3. Send the un-signed biobank application to kliniskaprovningar@biobanksverige.se at the same time as the application for a clinical trial of medicinal product is registered into CTIS.

Assessment of the biobank application

1. RBC validates and assesses the biobank application. If the application includes existing pathology/cytology samples a feasibility assessment is made by a pathologist.

Please note: RBC will only give guidance regarding the biobank application directly to the sponsor. All communication regarding the clinical trial application shall go through CTIS.

If completion of information is needed for the application of clinical trial and/or the biobank application

1. RBC sends the potential request for completion of information regarding the biobank application, including deadline, to the sponsor by e-mail.
2. Sponsor submits the completion of information regarding the biobank application.

Final assessment of the biobank application

1. If existing samples are to be released, RBC prepares the form for release of samples (T1.2).
2. After the approval of the clinical trial, RBC sends the cover page (TY5) with the final assessment, instructions and the application form (T1.1/T1.2/L1a/L1b) to the sponsor with a request to amend potential considerations.

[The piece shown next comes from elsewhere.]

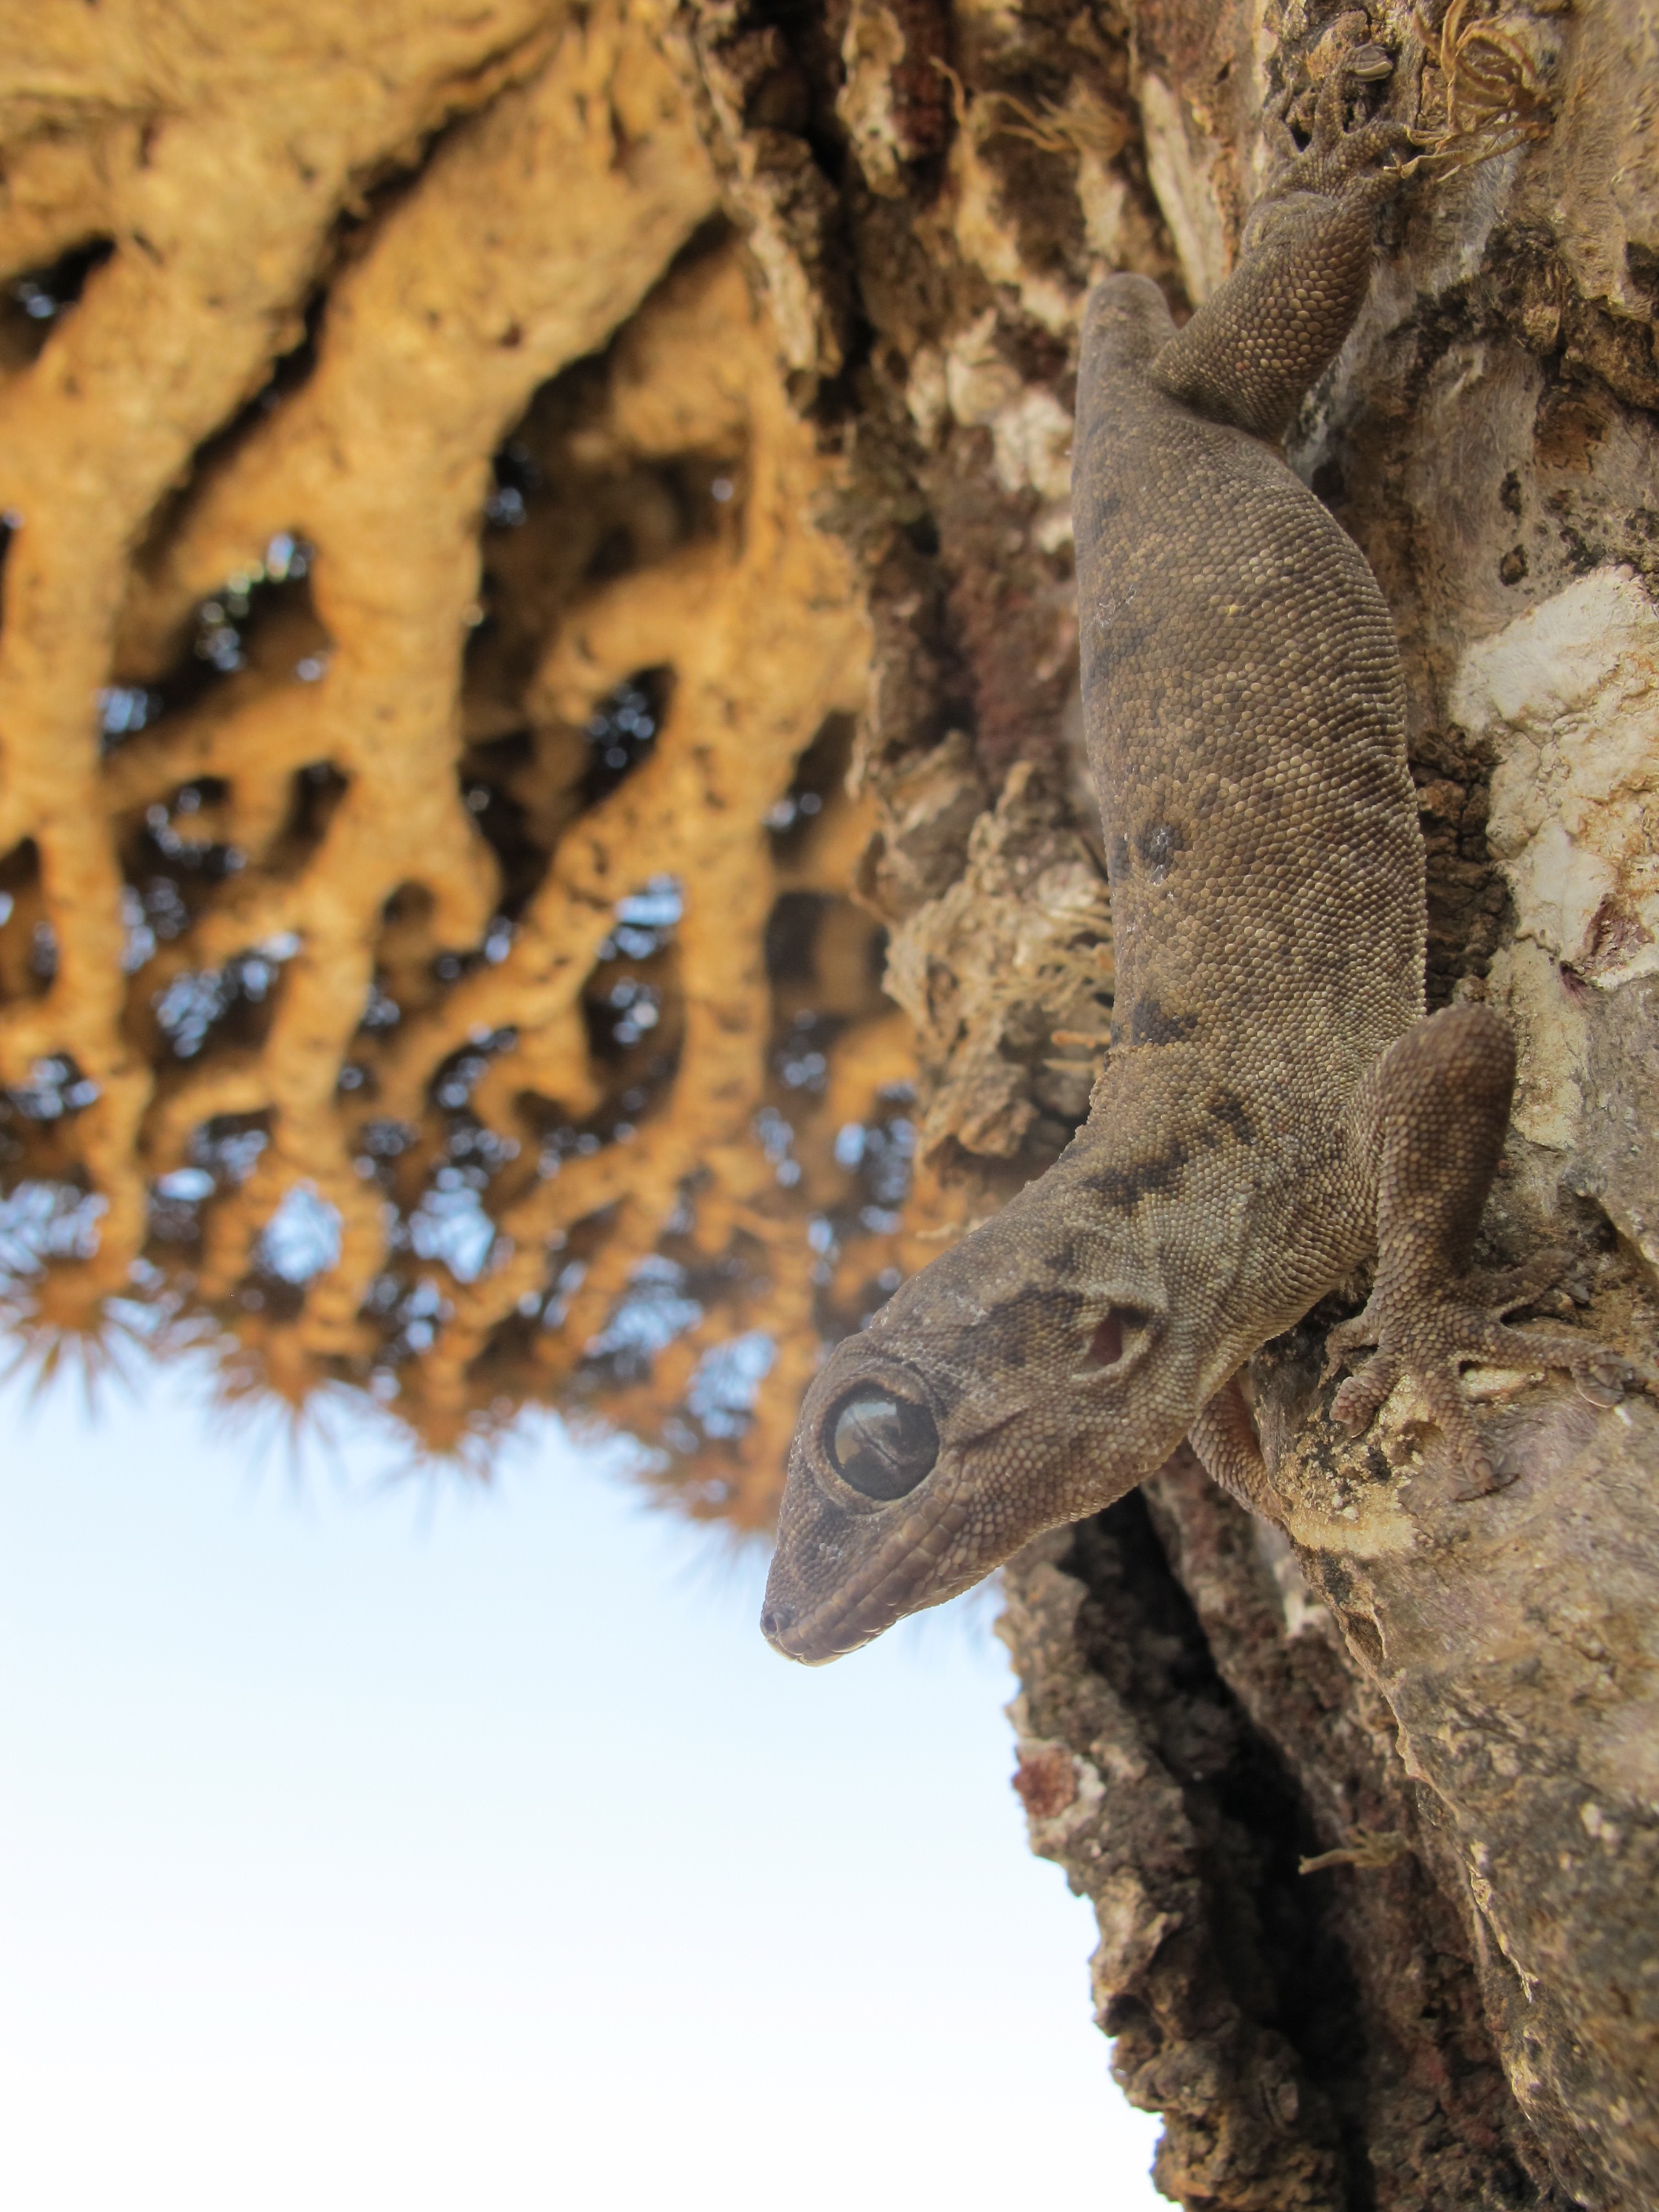 Haemodracon riebeckii, one of the gecko species.

Approval of the biobank application

Following the approval of the clinical trial from CTIS, the sponsor must send all signed biobank applications to the RBC or the biobank, according to the instruction in the cover page, so that authorised representatives of the biobank can approve the biobank agreement.

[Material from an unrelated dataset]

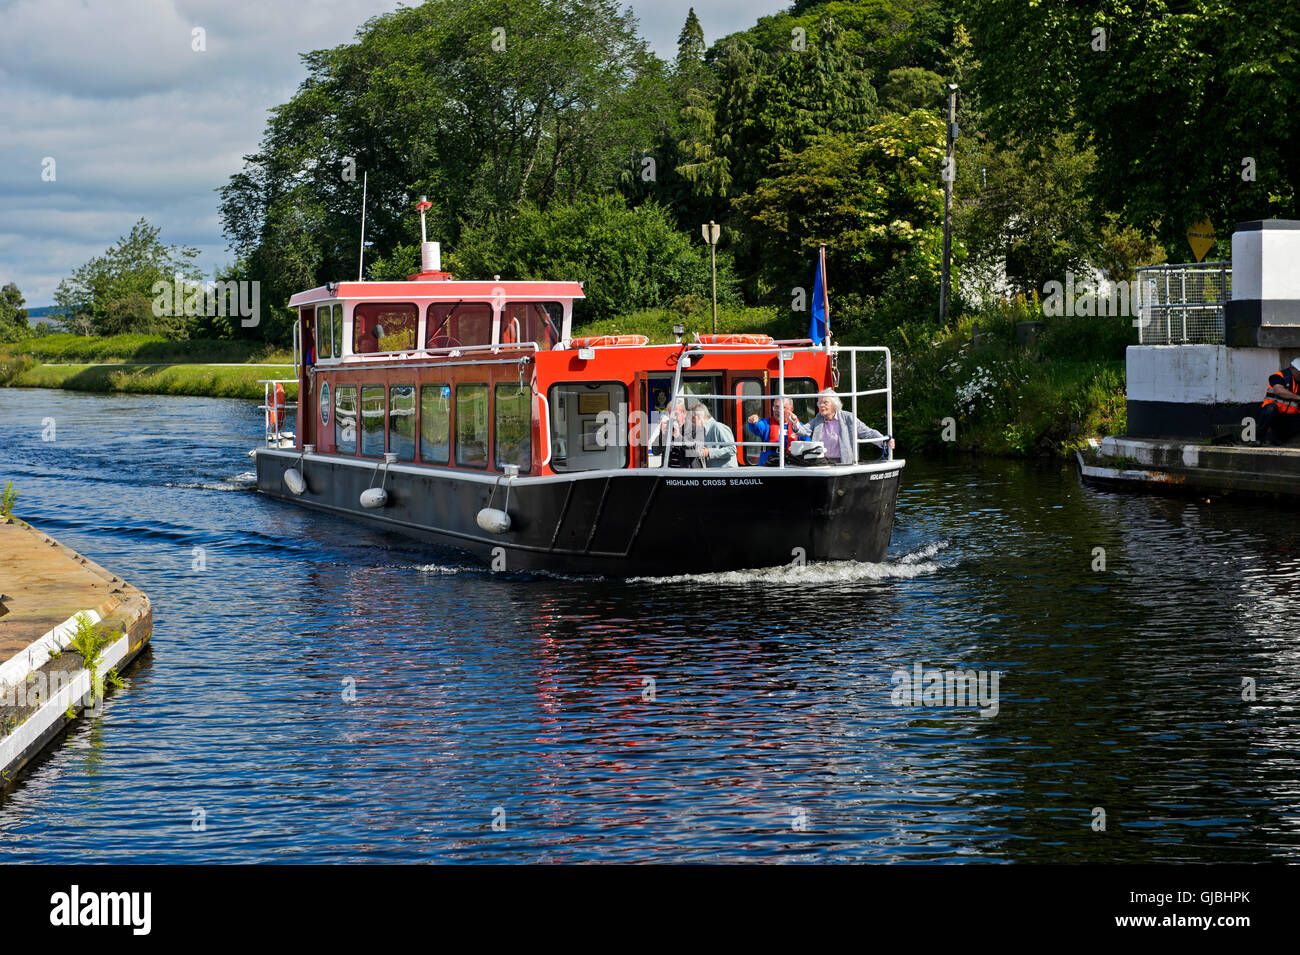 Excursion boat on the Caledonian Canal near Inverness, Scotland, Great Britain Stock Photo

The following applies for assessed biobank applications:

• The sponsor is recommended to send the signed biobank application to an RBC or the biobank as soon as possible, or, at the latest, three weeks after the approval of the clinical trial.
• The cover page from an RBC shall be appended to the biobank application when sent to the biobank for decision.
• The number of original copies of every application that shall be sent over depends on the number of signing parties.
• Remaining documentation does not need to be enclosed but is already sent to the appropriate biobank by an RBC.
• If any modifications are made to the biobank application after the assessment, this must be stated in a separate covering letter addressed to the representative that is going to make the final decision ­– this may prolong the process.

Please note, the biobank agreement is not valid until the biobank application and all appendices, if any, are signed by sponsor and approved and signed by an authorised representative of the biobank.

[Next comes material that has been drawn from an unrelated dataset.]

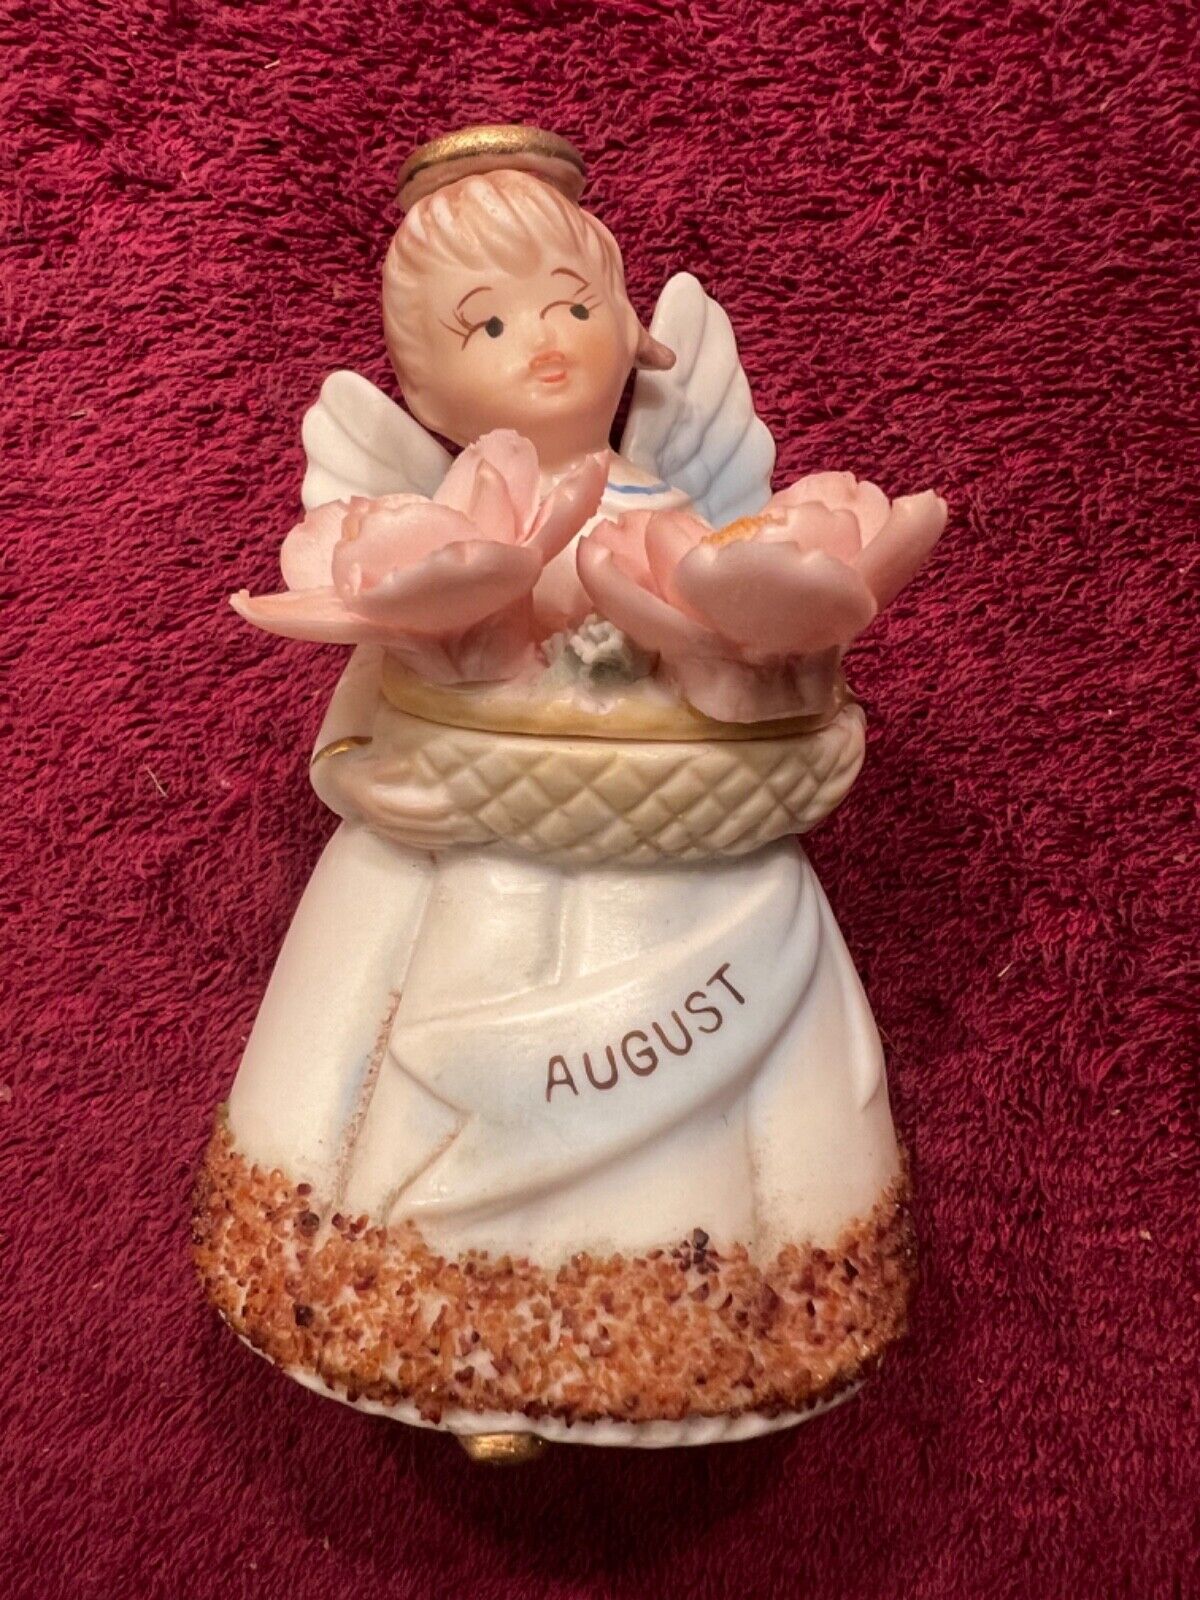 Vintage 1960’s Inarco JAPAN E-2600 August Porcelain Birthday Angel with label

If a request for substantial modifications of a clinical trial is made and the modification concerns a previously approved biobank agreement (e.g., modifications in study design that affect the agreement, change of sponsor, change of investigators, added sites, more samples or new sample types*), a request for alteration needs to be submitted to the RBC by e-mailing kliniskaprovningar@biobanksverige.se. 

If it concerns a biobank agreement established for a clinical trial before it was submitted to CTIS (established on form L1 or N1a), a copy of the earlier approved and signed agreement shall be appended to the request for alteration to facilitate and speed up the assessment.

The request for alterations to the biobank is made on form T1 and/or T1a if the initial application was made on form T1/T1a and on form T1.1 if the initial application was made for T1.1.

* Please note, there can be other substantial modifications that concern the approved biobank application.

There can also be modifications that are non-substantial modifications for the clinical trial but that still need to be reported to the RBC, e.g., more research patients in Sweden and an extended sample collection period in Sweden.